Its all about in the field testing its been on for Ten years : )

So it is well tested in all types of weather

Feel free to use it if I was a PT industry leader i should patent it and sell it with an instructional dvd 
Which would also include two months free subscription to my painting blog and a 2014 calender of Australian lorikeets


----------



## Rbriggs82 (Jul 9, 2012)

benthepainter said:


> G'day Guys
> 
> Being a painter over 21yrs I don't need to ask to many questions about painting as I know my type of painting
> So I don't have much to share in Regards to painting . But i have been known to post the odd pics of Australian lorikeets Or cockatoos or the odd pic of my Weber BBQ : )
> ...


That was Al's invention ya thief!


----------



## Workaholic (Apr 17, 2007)

Rbriggs82 said:


> That was Al's invention ya thief!


Al snoozed and he lost.


----------



## benthepainter (Jun 17, 2011)

Rbriggs82 said:


> That was Al's invention ya thief!


Oops sorry Bro : )


----------



## Workaholic (Apr 17, 2007)

benthepainter said:


> Gday WA
> 
> Its all about in the field testing its been on for Ten years : )
> 
> ...


Ten yrs is a solid test I will order 10 and just one dvd. I will then burn the dvd make a knockoff product and be a industry leader.


----------



## benthepainter (Jun 17, 2011)

Workaholic said:


> Ten yrs is a solid test I will order 10 and just one dvd. I will then burn the dvd make a knockoff product and be a industry leader.

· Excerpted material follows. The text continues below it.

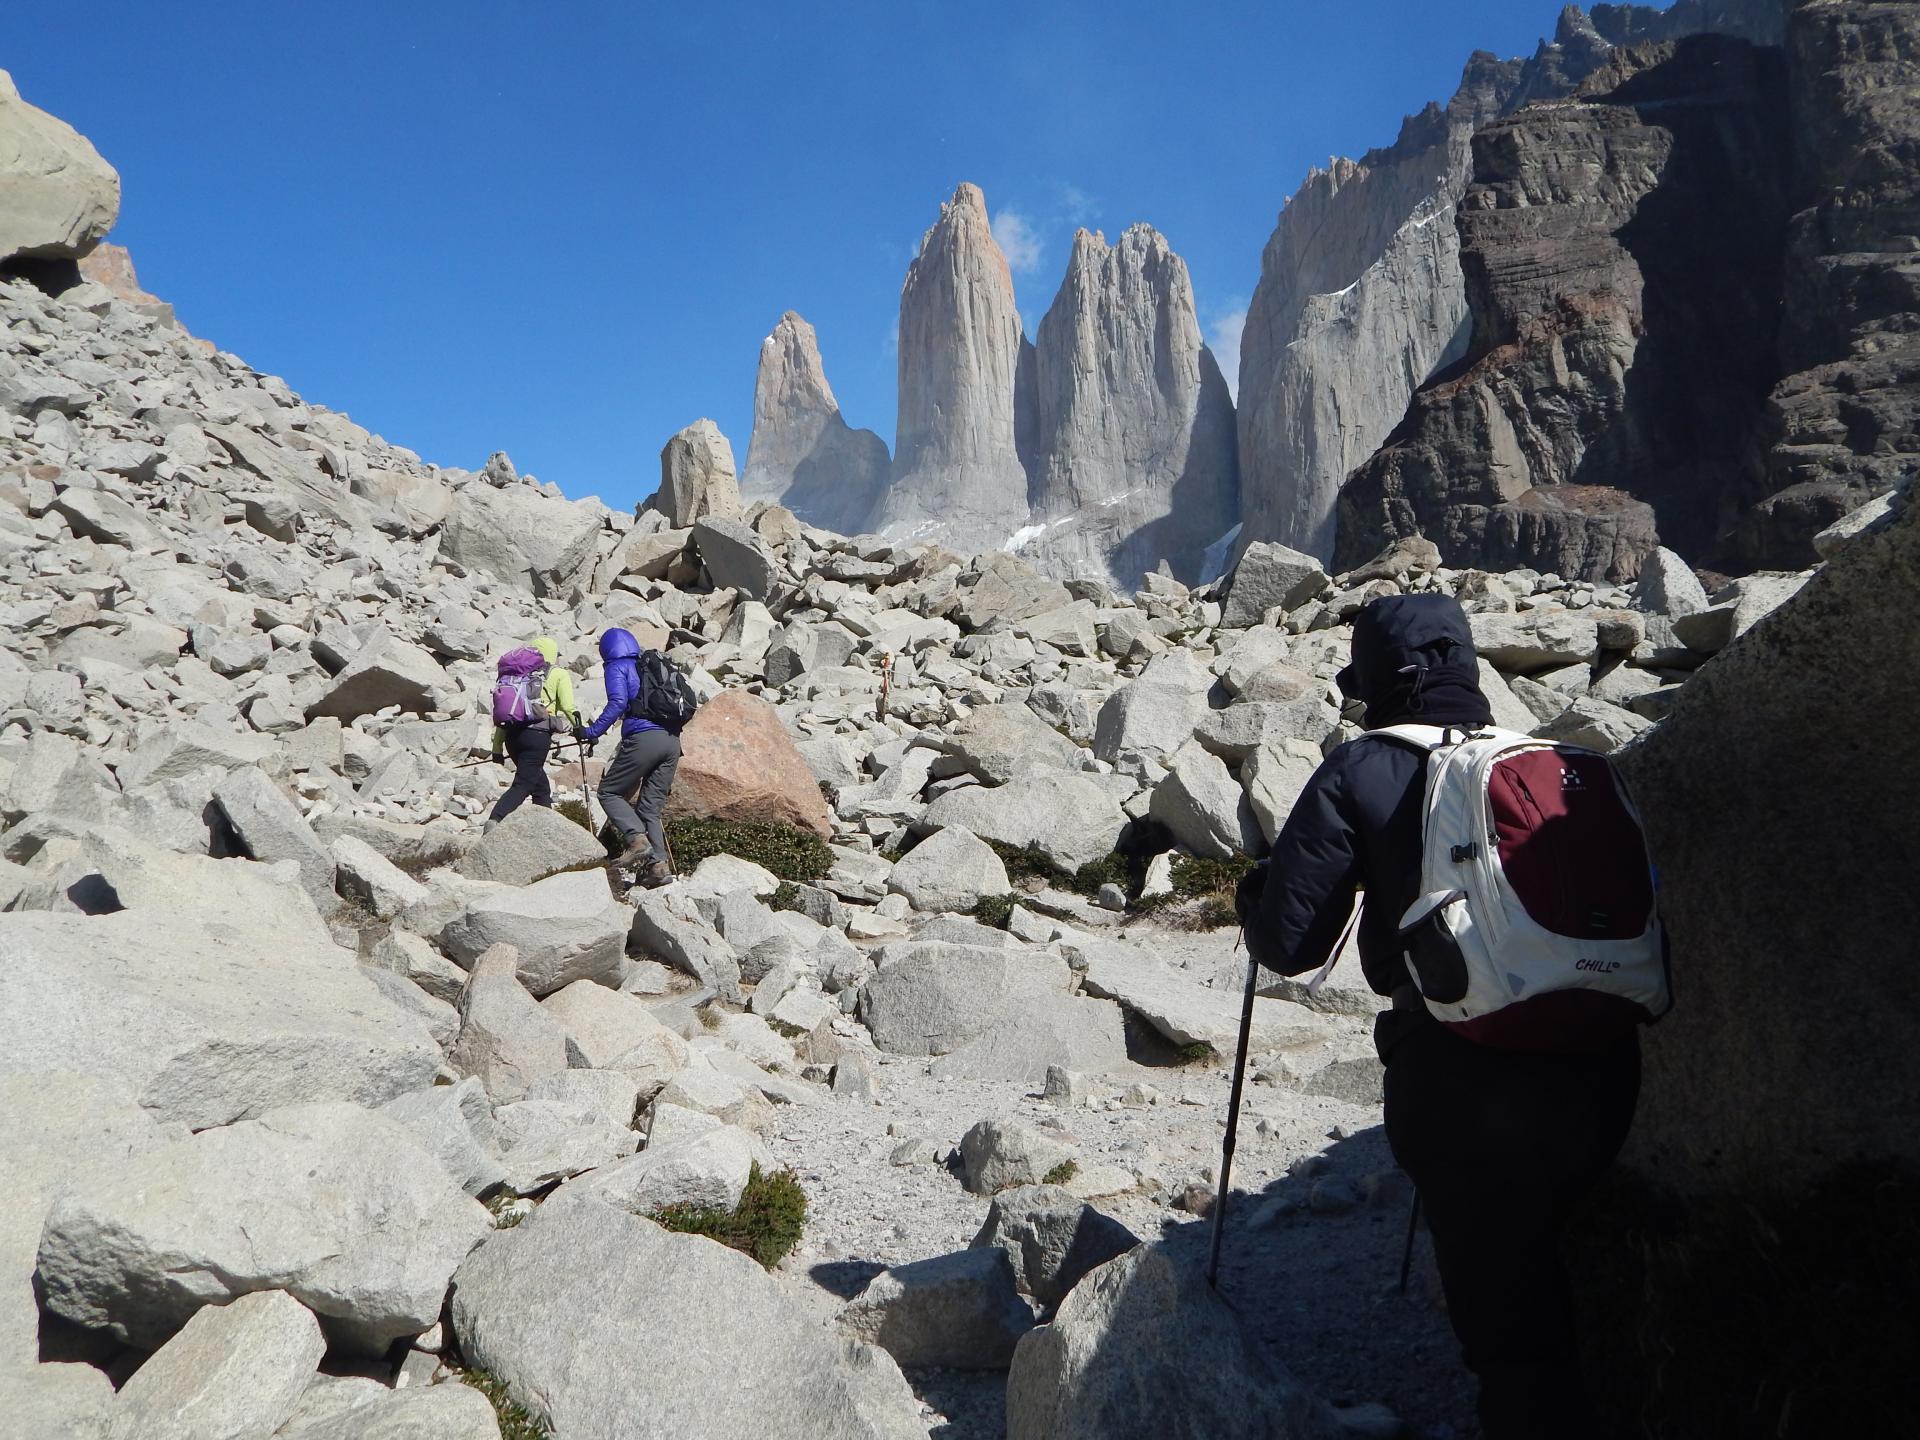 Entdecken Sie den Nationalpark Torres del Paine auf einer Trekkingtour durch Argentinien und Chile

If you use that photo of mine of the ladder with cable tie 

You are in big trouble lol i will hunt you down and post your name up on my special industry blog and everyone will Know about you : p

Then i will take my bat and ball and leave Paint Talk 

And then PT will no longer exist lol 

Then again yes it will its a Forum for professional painters : ) I think i will stay and you can use my pics and burn my dvd : ) 

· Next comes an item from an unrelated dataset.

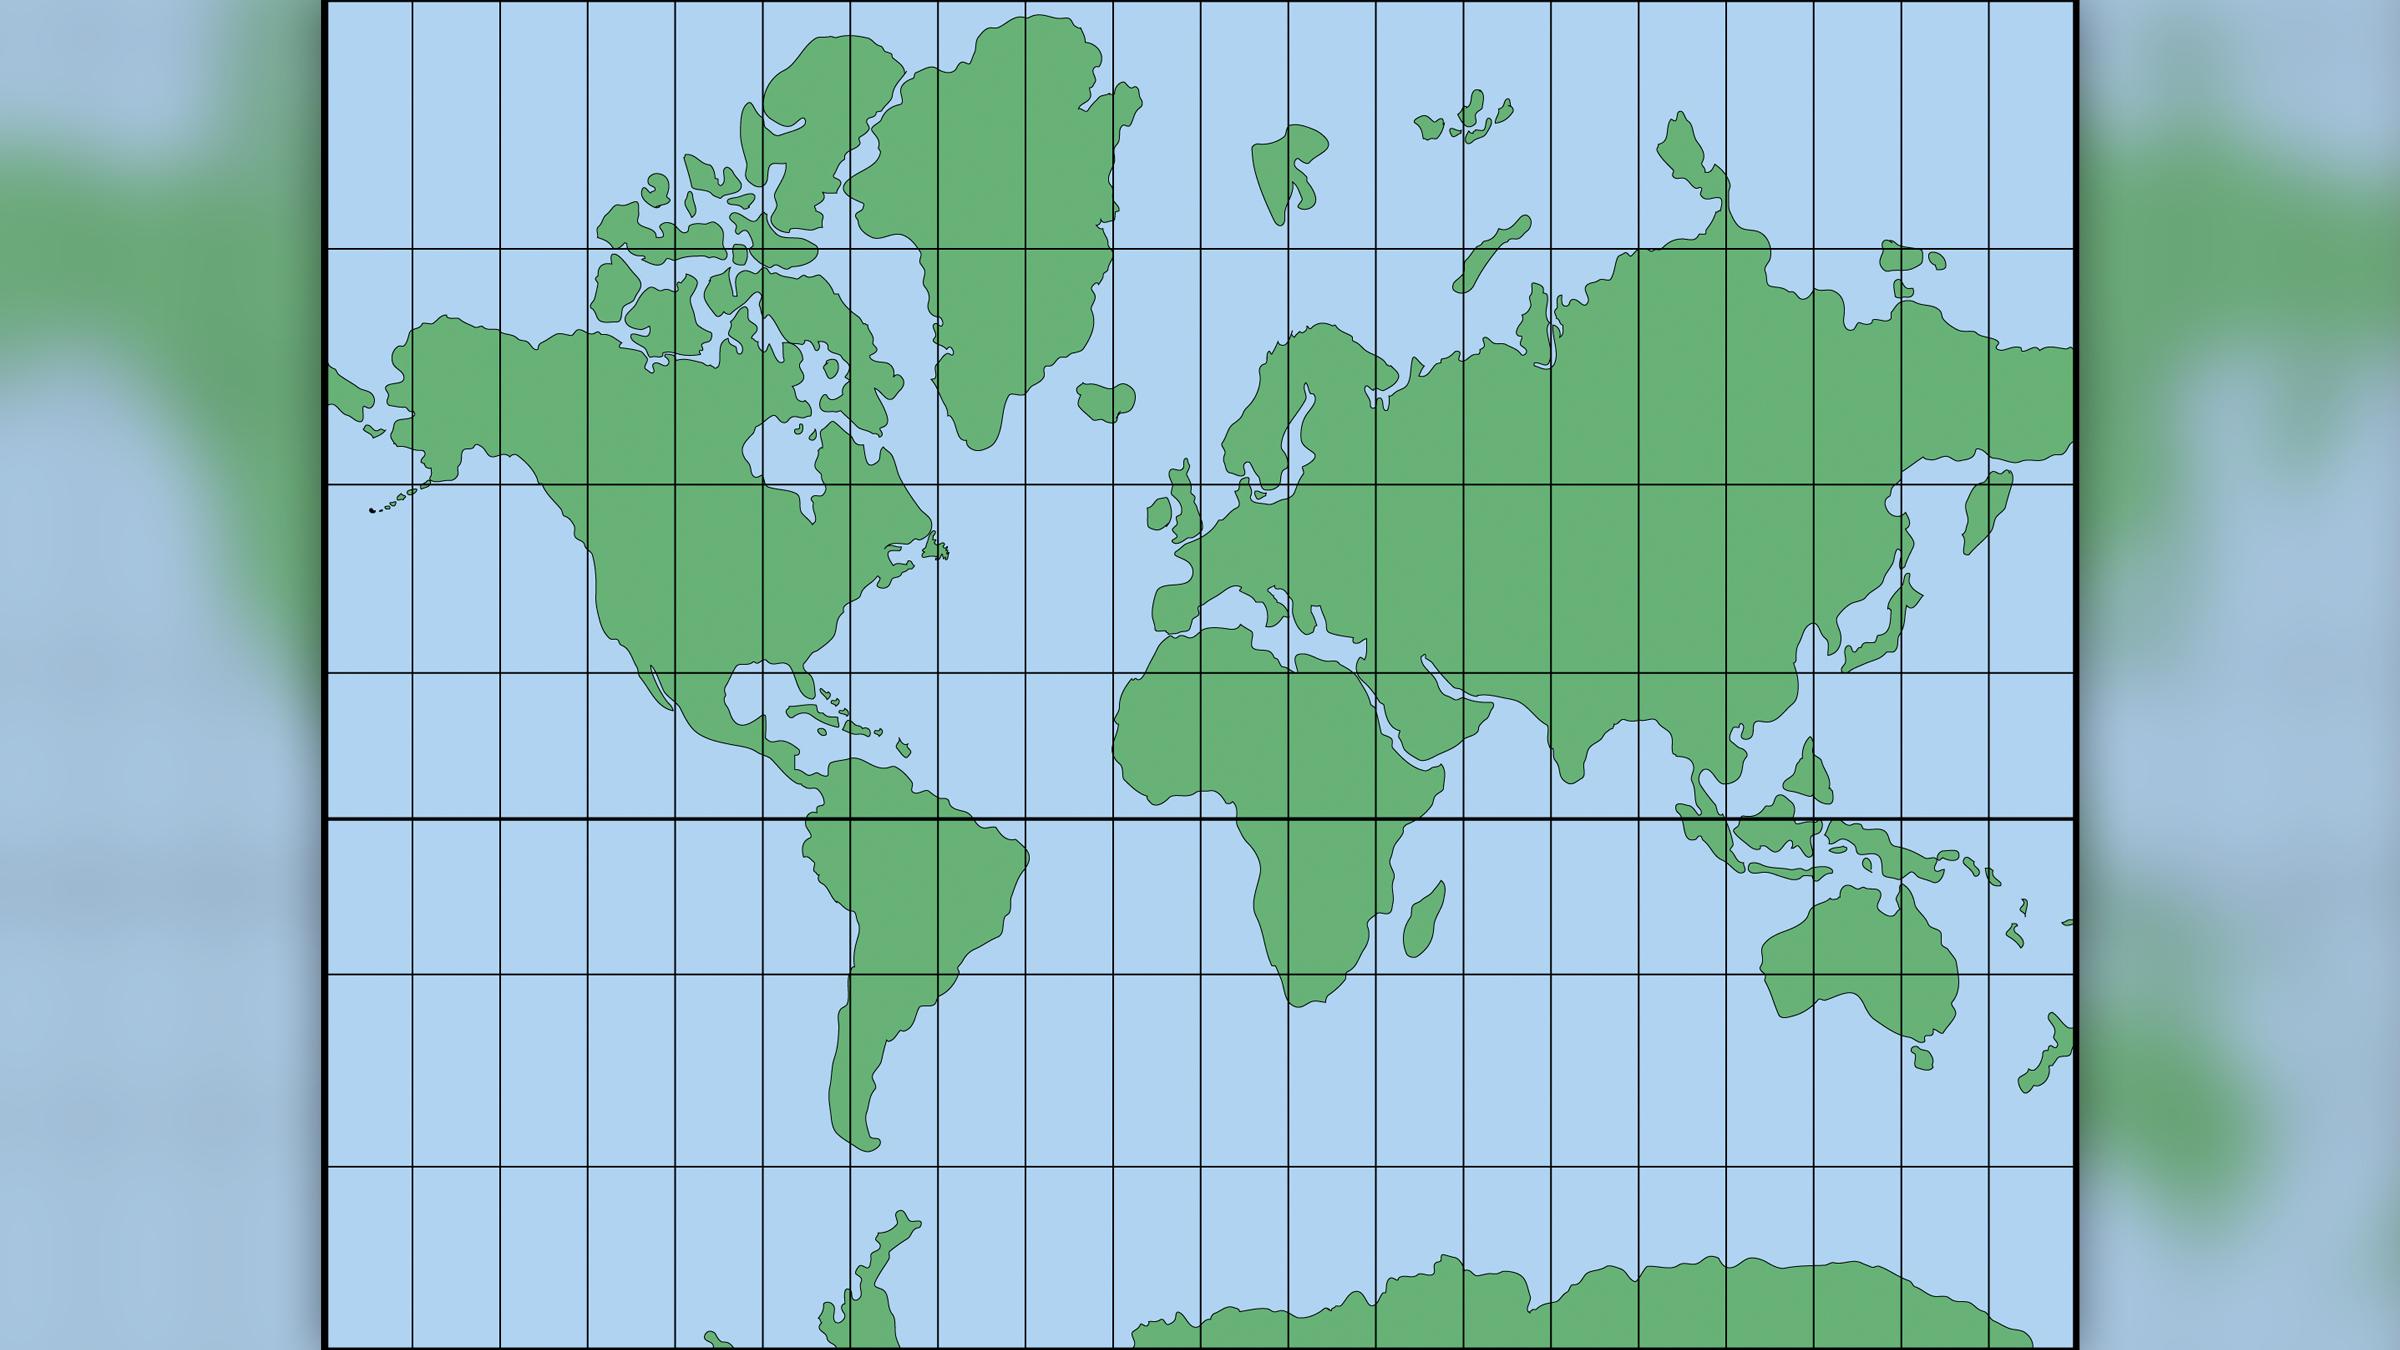 La projection Mercator, créée en 1569 par le géographe néerlandais Gerard Mercator, a aidé les marins à naviguer dans le monde.

But because of your plan no calendar for you


----------



## ReNt A PaInTeR (Dec 28, 2008)

:lol: Who the hell uses shoe molding between soffit and the brick. :thumbdown:


----------



## benthepainter (Jun 17, 2011)

ReNt A PaInTeR said:


> :lol: Who the hell uses shoe molding between soffit and the brick. :thumbdown:


Gday RAP

Faceplates now shoe moulding : )

Are you talking about the timber quad?

http://www.pinetimberproducts.com.au/d57/mouldings/quad/


----------



## ReNt A PaInTeR (Dec 28, 2008)

benthepainter said:


> Are you talking about the timber quad?
> 
> http://www.pinetimberproducts.com.au/d57/mouldings/quad/


:clap: I'm going to Homedepot this weekend and I'm going to ask for timber quad.


----------



## benthepainter (Jun 17, 2011)

ReNt A PaInTeR said:


> :clap: I'm going to Homedepot this weekend and I'm going to ask for timber quad.


They wont know what you are on about lol

So in America that is called a shoe moulding ? Not all houses have them but most do


----------



## ReNt A PaInTeR (Dec 28, 2008)

benthepainter said:


> They wont know what you are on about lol
> 
> So in America that is called a shoe moulding ? Not all houses have them but mist do


Yes but is an interior product, for between the brick and soffit some use a 1x2 or 1x4. Only a hack would use shoe molding outside for that application.


----------



## Jmayspaint (Mar 26, 2013)

I was just doing two tone caulking on a 24 today,

So I had two guns up there. Hanging it on the rung works, but you can accidentally knock it off pretty easy. Looks like that would be more stable. 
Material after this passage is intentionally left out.